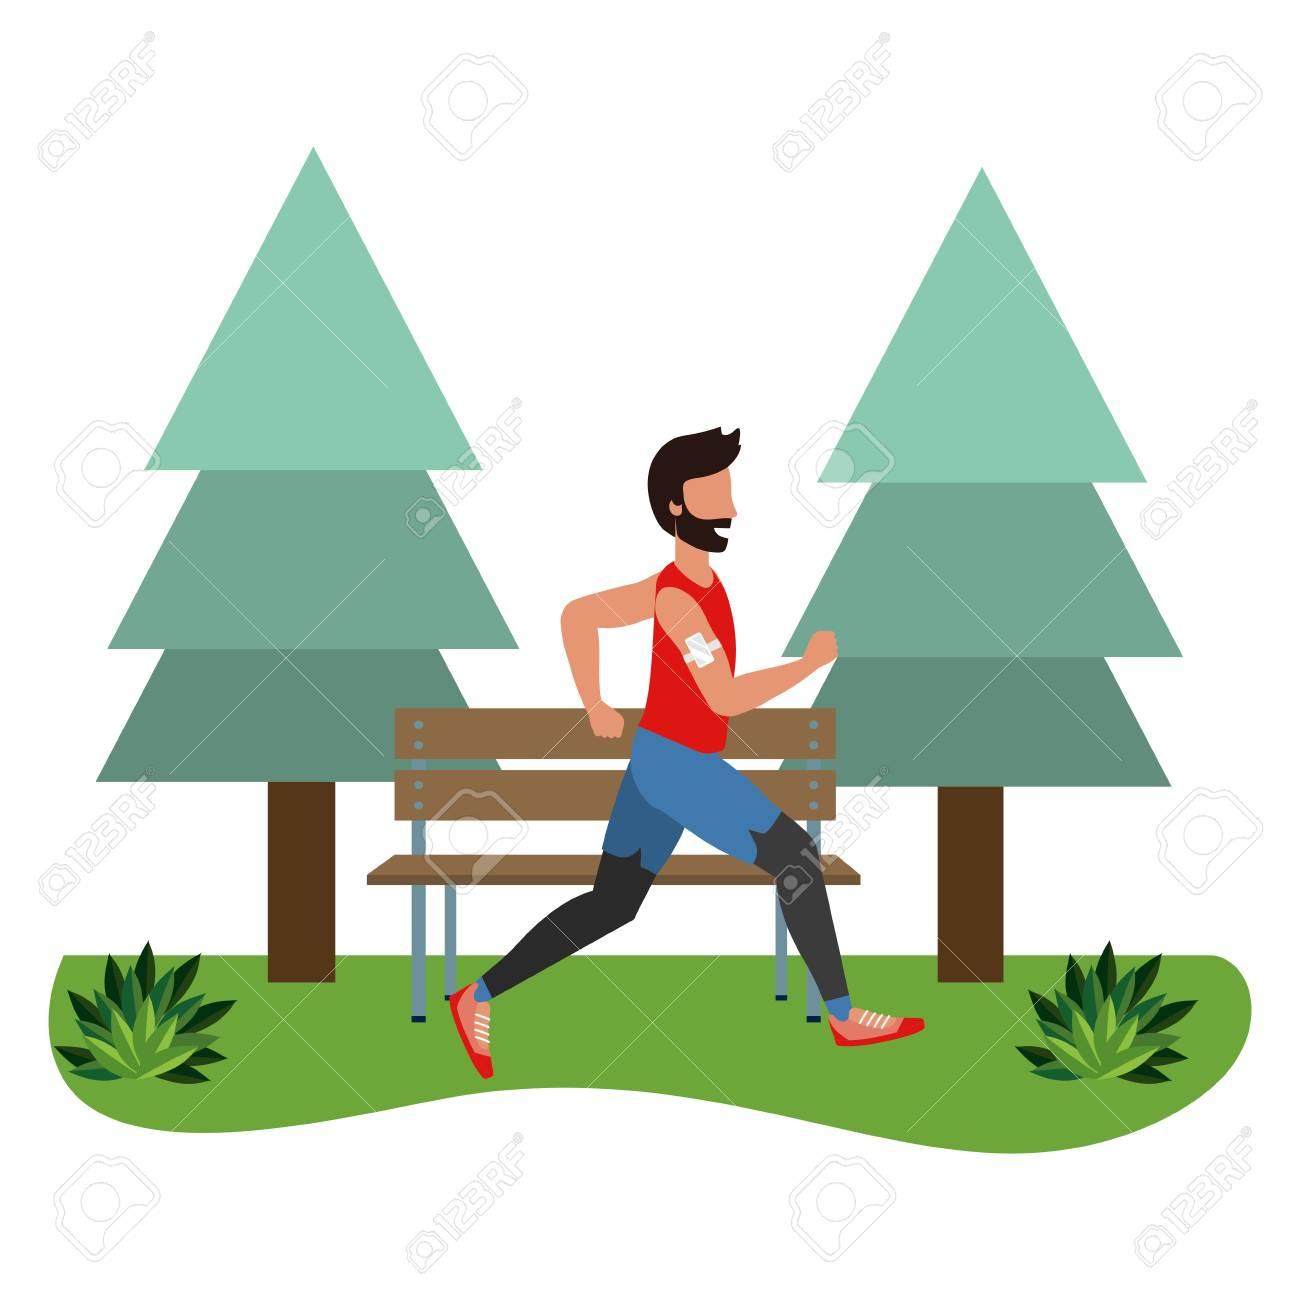 fitness sport train man running outdoor scene cartoon vector illustration graphic design - 122827267
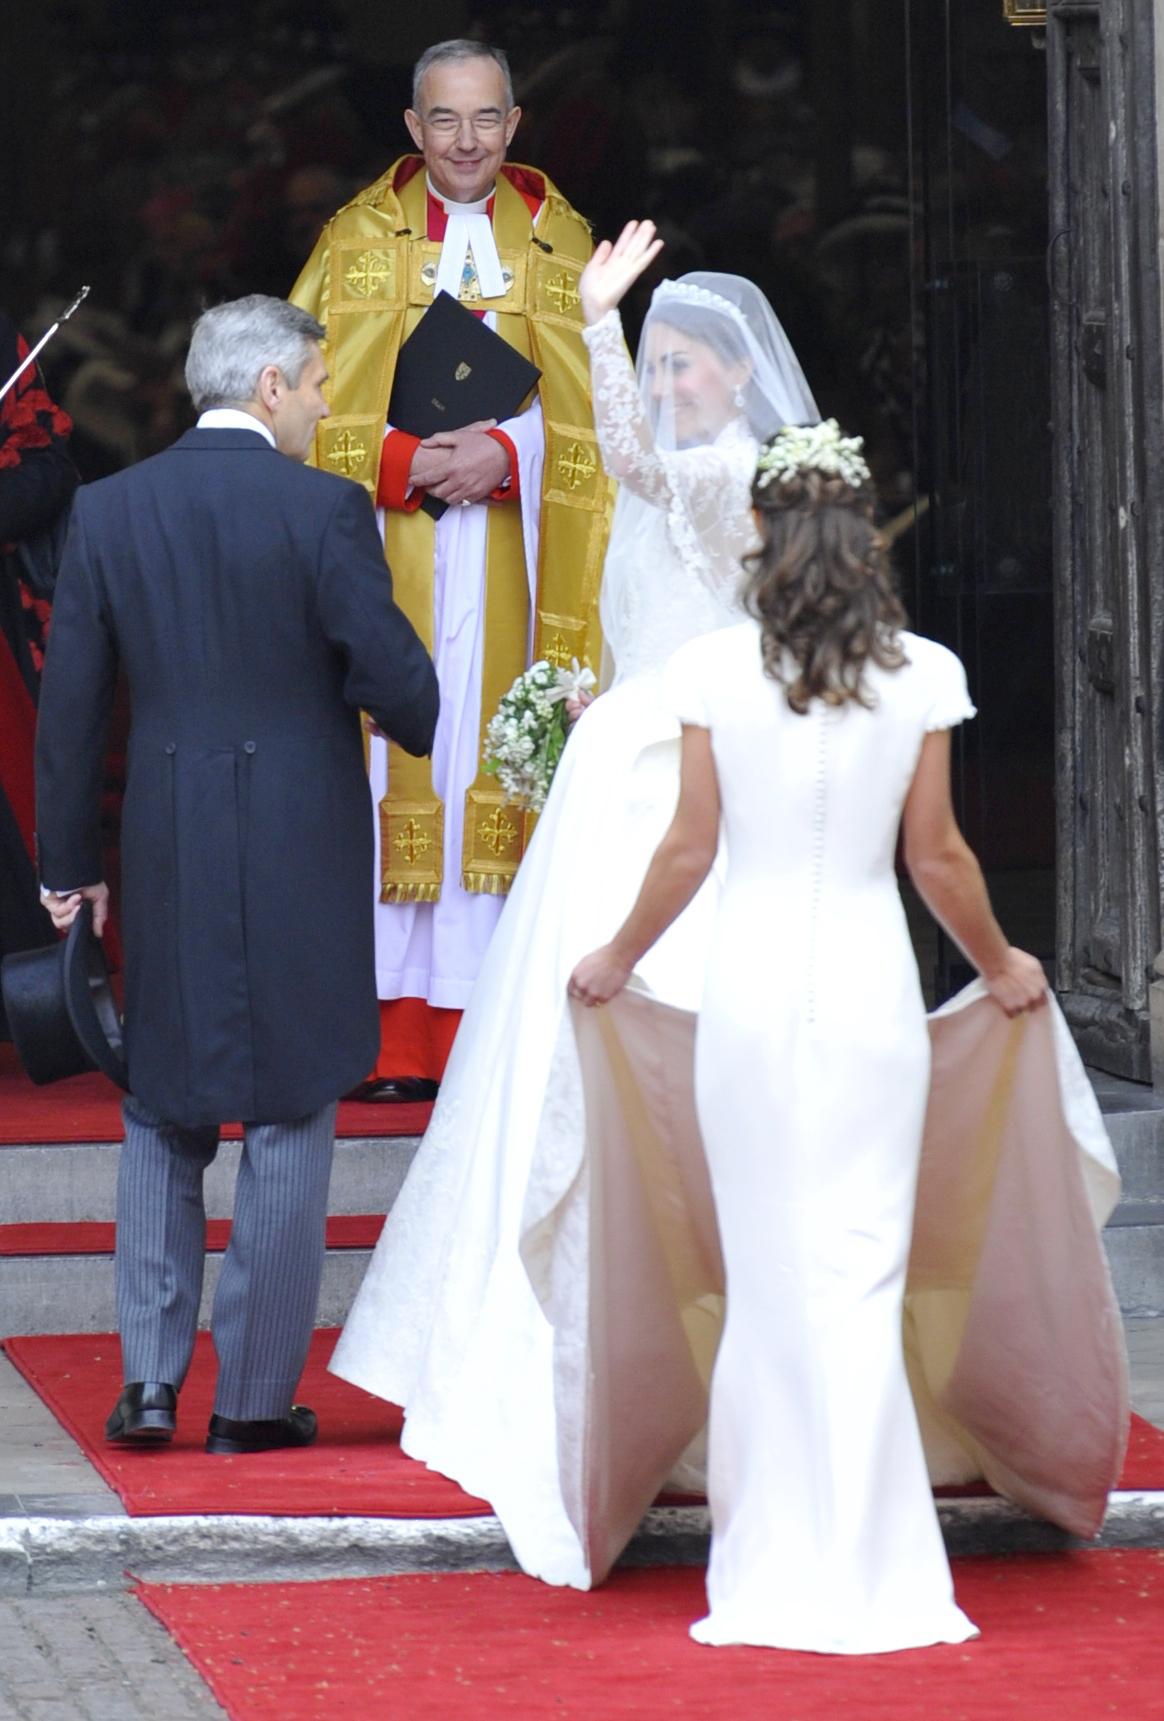 Pippa middleton 39 s famous bottom kate 39 s sister insists for Kate middleton wedding pippa dress
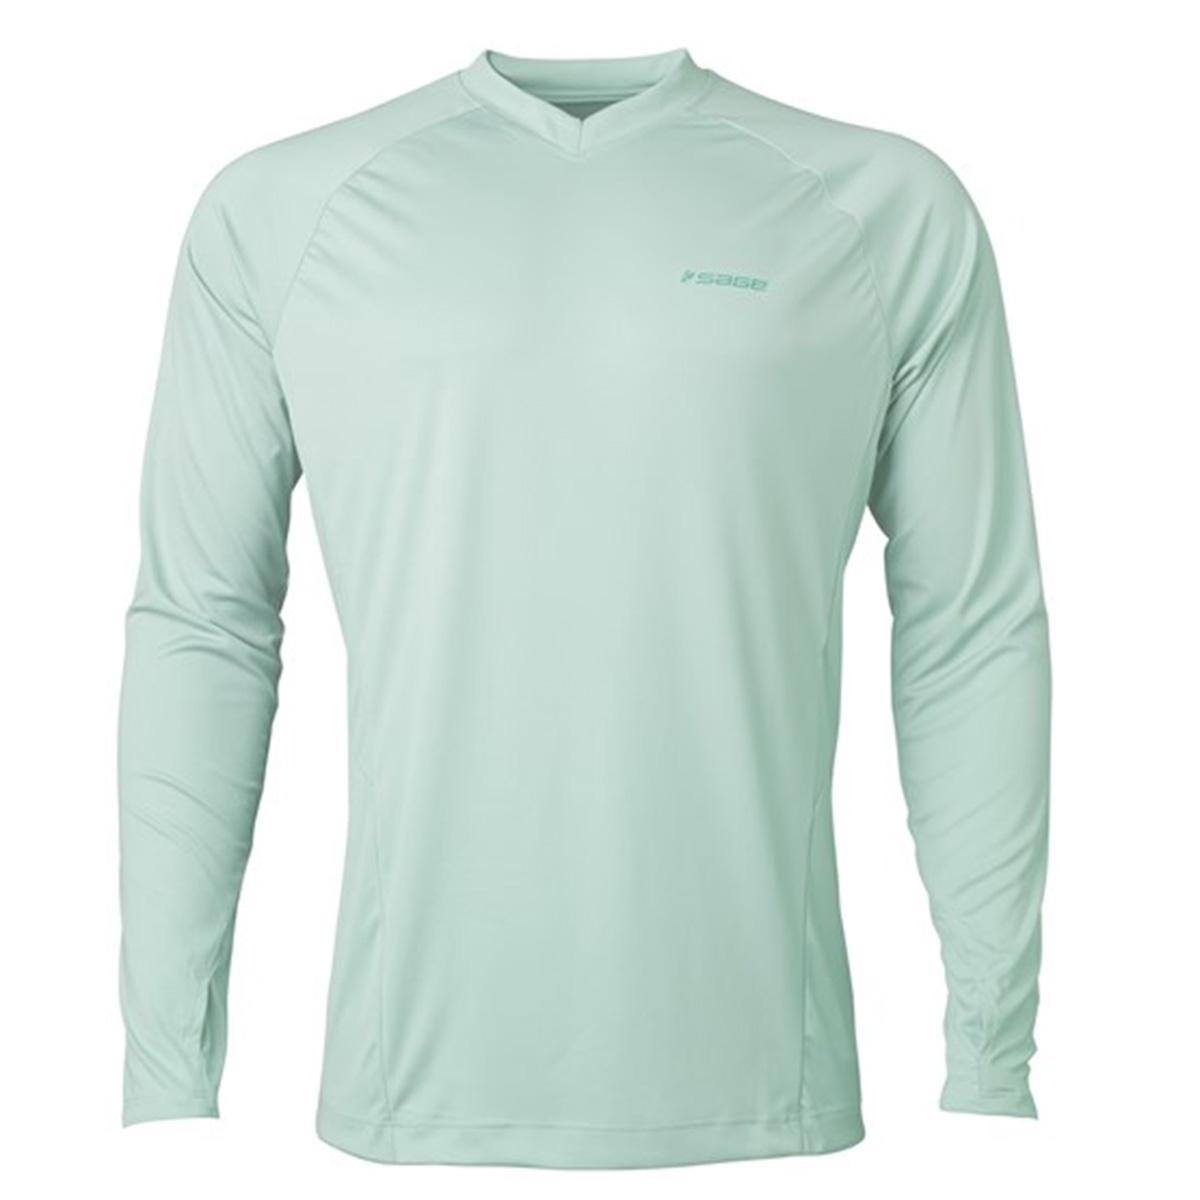 Sage sun shirt fishing shirts taimen for Fly fishing sun shirt
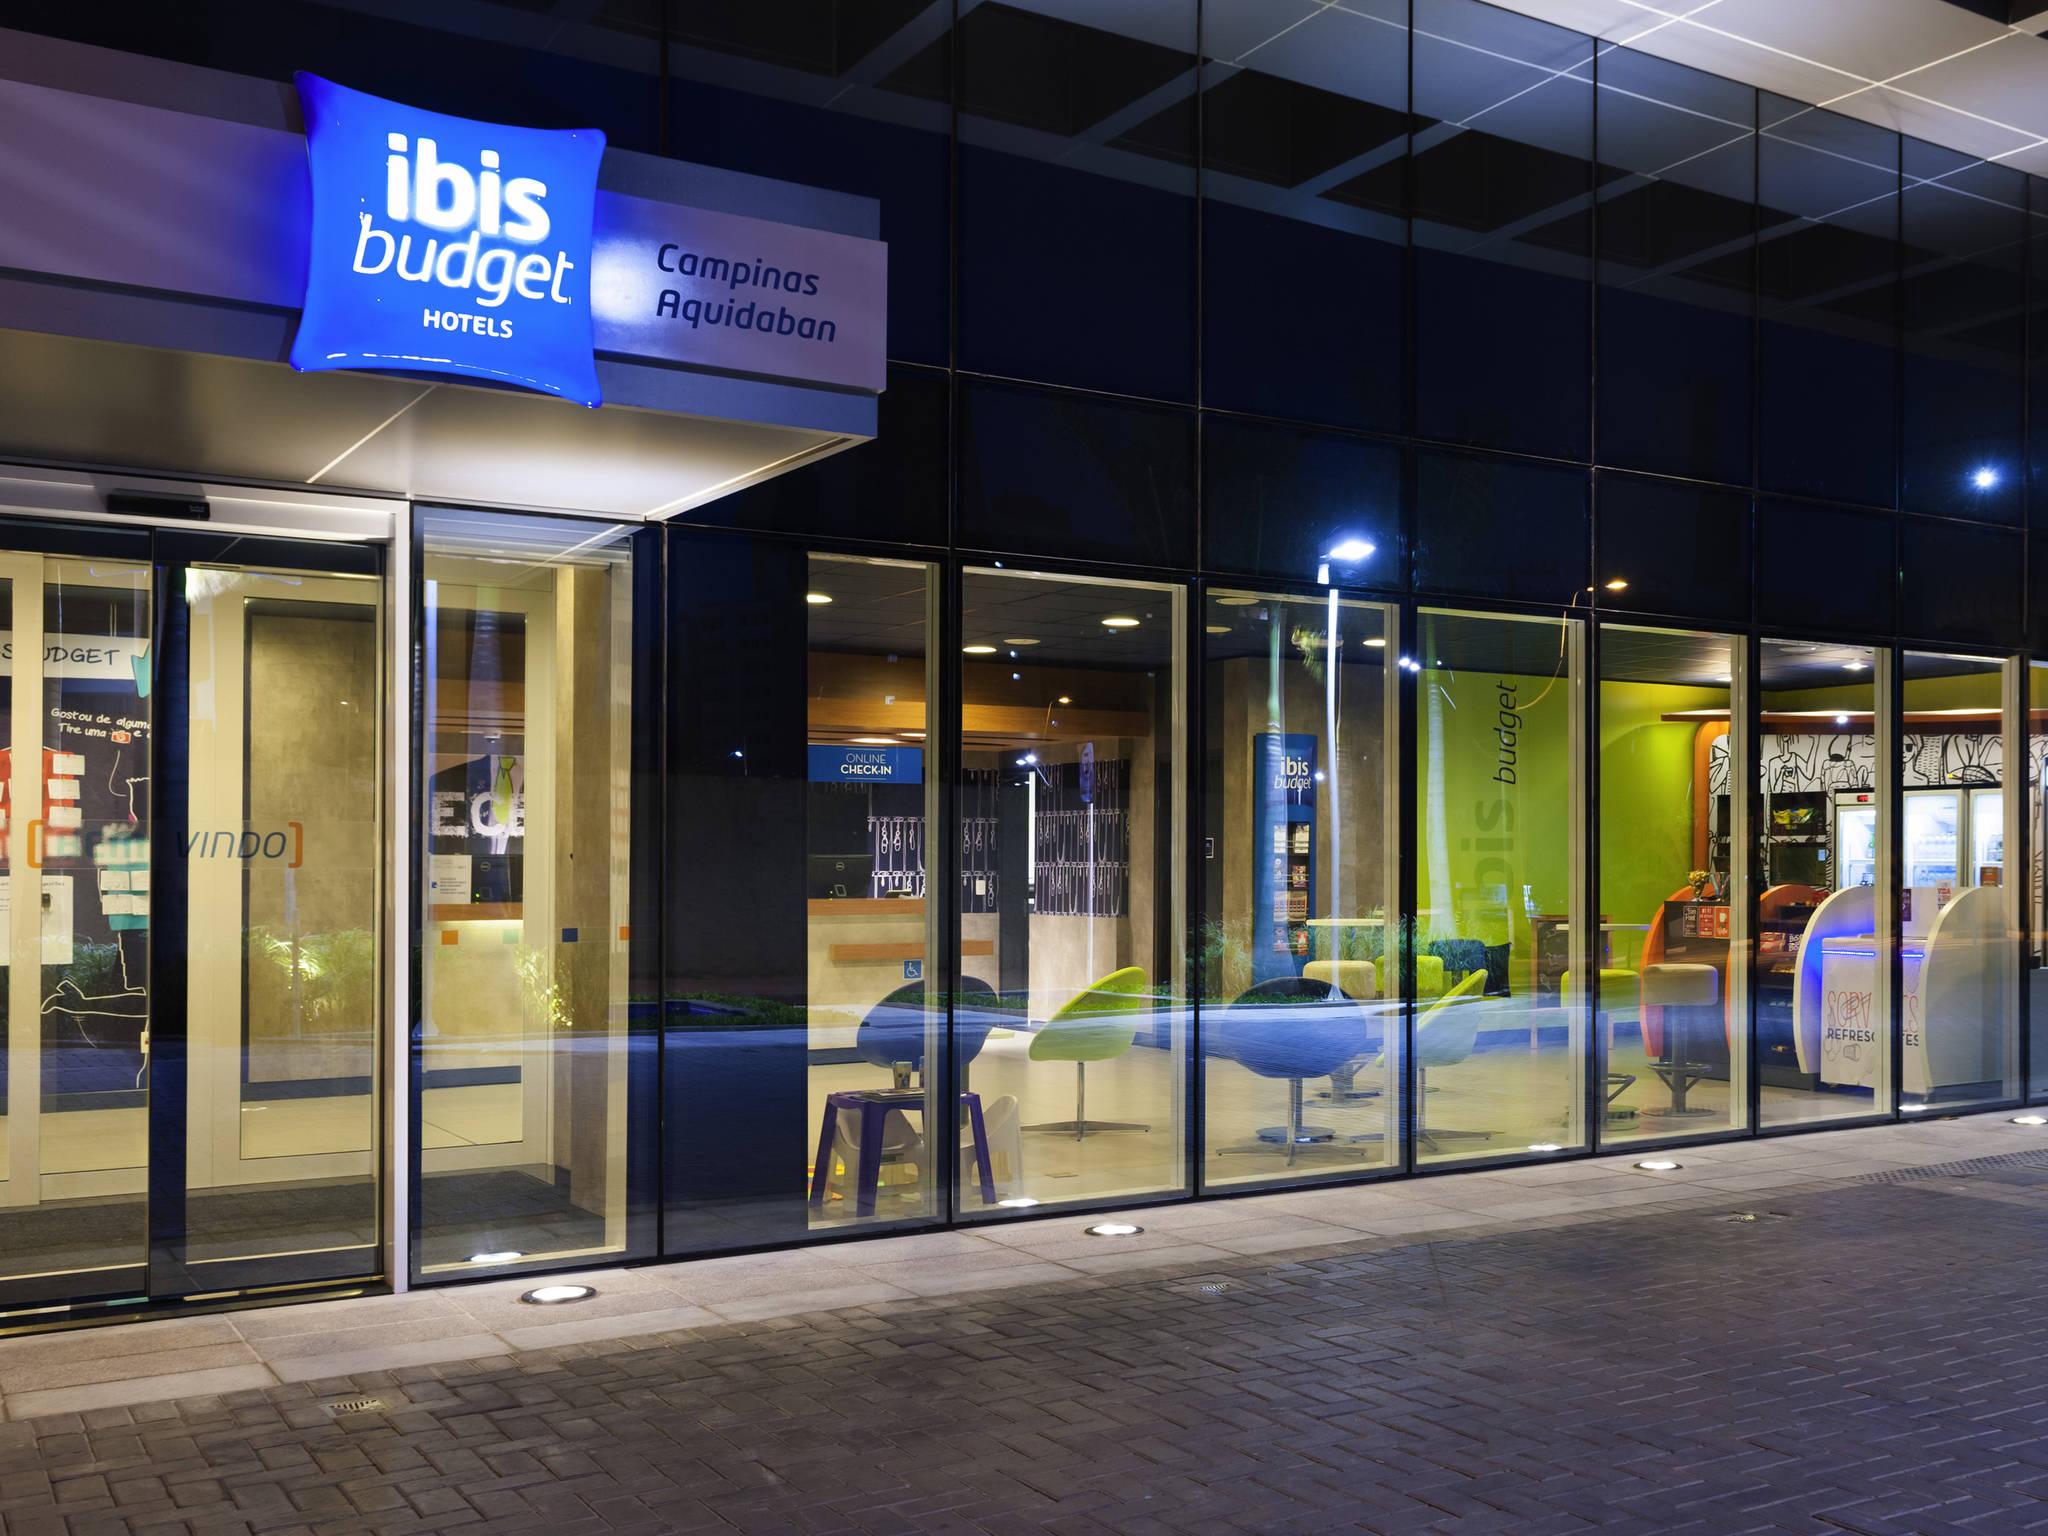 Hotel – ibis budget Campinas Aquidaban

ABOUT THIS TASK: Your task is to repeat the material above exactly, without its pictures.

EXERCISE RESULT:
 fitness sport train man running outdoor scene cartoon vector illustration graphic design - 122827267
 Pippa middleton 39 s famous bottom kate 39 s sister insists for Kate middleton wedding pippa dress
 Sage sun shirt fishing shirts taimen for Fly fishing sun shirt
 Hotel – ibis budget Campinas Aquidaban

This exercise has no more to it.